Итак, одно явление существует в зависимости от другого, а другое – от третьего и т.д., а все они, в свою очередь, зависят от сознания, которое связывает все эти явления воедино. Значит, существует связь всеобщей взаимозависимости. Иначе говоря, если явление А зависит от явления В, а явление В зависит от С, то А также зависит от С. Кроме того А и В зависят от С, В и С зависят от А, А и С зависят от В и т.п.[116].
Школа хуаянь восприняла принцип понимания ранними буддистами понятия “причинность”, но самой теории причинности дала, как и другие школы позднего буддизма, конкретную интерпретацию. В учении хуаянь теряет свою значимость формула “двенадцати звеньев цепи причинном зависимости”, однако третий пункт абсолютизируется. Но в отличие от учения йогачаров (а вслед за ними и учения фасян) хуаяньские мыслители пытаются избежать крайности субъективного идеализма и в то же время отрицают объективное существование материального мира, выдвинув идею взаимообусловленности сознания и предметов внешнего мира, где сознание все-таки является определяющим по отношению к материальным предметам. Поэтому сознание выступает как.основная причина, а предметы внешнего мира – как дополнительная.
Возникает естественный вопрос: как понималось само сознание – как субстанция или как субъект? В своем сочинении «Три драгоценности в понимании дхарм сутры “Хуаянь цзин”» Фа Цзан говорит, что сознание (синь) включает в себя две стороны. Первая – это единый разум (и синь), означающий в конечном итоге универсальный разум, вторая – это двоякий разум (эр цзянь синь), который понимается как разум отдельного индивида, проецирующий мир. Обе эти стороны неразрывно связаны друг с другом, не могут проявляться независимо друг от друга, т.е. во всех индивидуальных разумах постоянно и одновременно присутствует универсальный разум.
Таким образом, в данном случае сознание понимается и как субстанция и как субъект. В следующем параграфе мы вернемся к этому вопросу. Здесь же необходимо еще отметить, что теория причинности школы хуаянь исключает учение о карме. Та-
[33]
кой вывод следует из того, что хуаянь не признает путь достижения нирваны через многочисленные перерождения, ибо нет никакой нирваны вне сансары. Это обосновывалось школой хуаянь в ее учениях о дхарме и Едином, которые также будут рассмотрены ниже.

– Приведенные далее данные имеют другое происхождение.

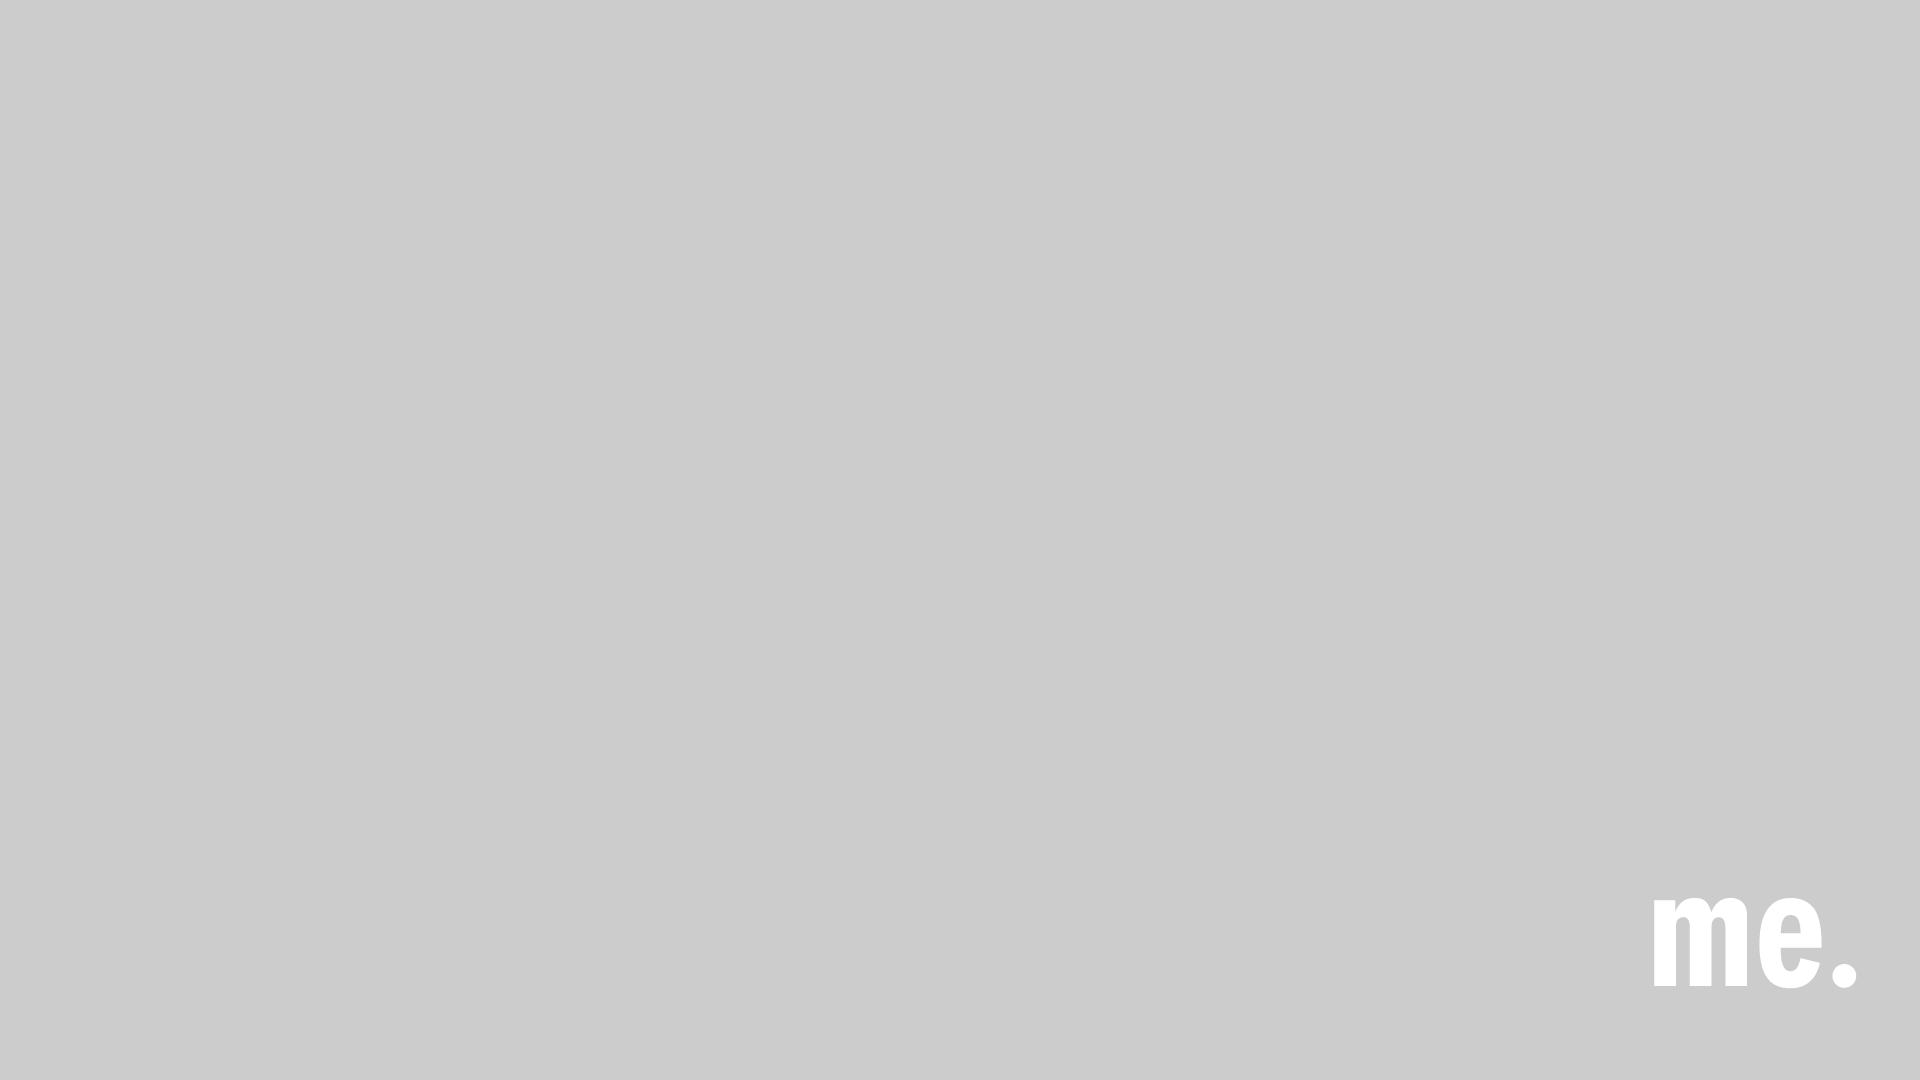 7. Birdman: 20 Millionen US-Dollar

3. УЧЕНИЕ ОБ ЭЛЕМЕНТАХ БЫТИЯ (ДХАРМАХ)
Учение о дхармах – центральный пункт всей буддийской философии. По словам О.О. Розенберга, «понятие “дхармы” в буддийской философии имеет столь выдающееся значение, что система буддизма в известном смысле может быть названа теорией дхарм»[117]. Однако невозможно найти во всей буддийской литературе одинакового определения и трактовки этого понятия: почти каждая школа давала ему свою интерпретацию. Это породило множество толкований “дхармы” и в научной буддологической литературе. Глубокий анализ значений этого термина был произведен О.О. Розенбергом. Он пришел к выводу о том, что данный термин в буддийской литературе встречается в следующих значениях:
1) качество, атрибут, сказуемое;
2) субстанциальный носитель, трансцендентный субстрат единичного элемента сознательной жизни;
3) элемент, т.е. составной элемент сознательной жизни;
4) нирвана, т.е. “Дхарма” par excellence объект изучения Будды;
5) абсолютное, истинно-реальное и т.п.;
6) учение, религия Будды;
7) вещь, предмет, объект, явление[118].
Многозначность термина “дхарма” породила в буддийской литературе множество классификаций его значений. Как считает О.О. Розенберг, “наиболее известными классификациями являются разделения дхарм на “подверженные бытию” и ” не подверженные бытию”; на “связанные с волнением” и “не связанные с волнением”; на “благоприятные и неблагоприятные”[119].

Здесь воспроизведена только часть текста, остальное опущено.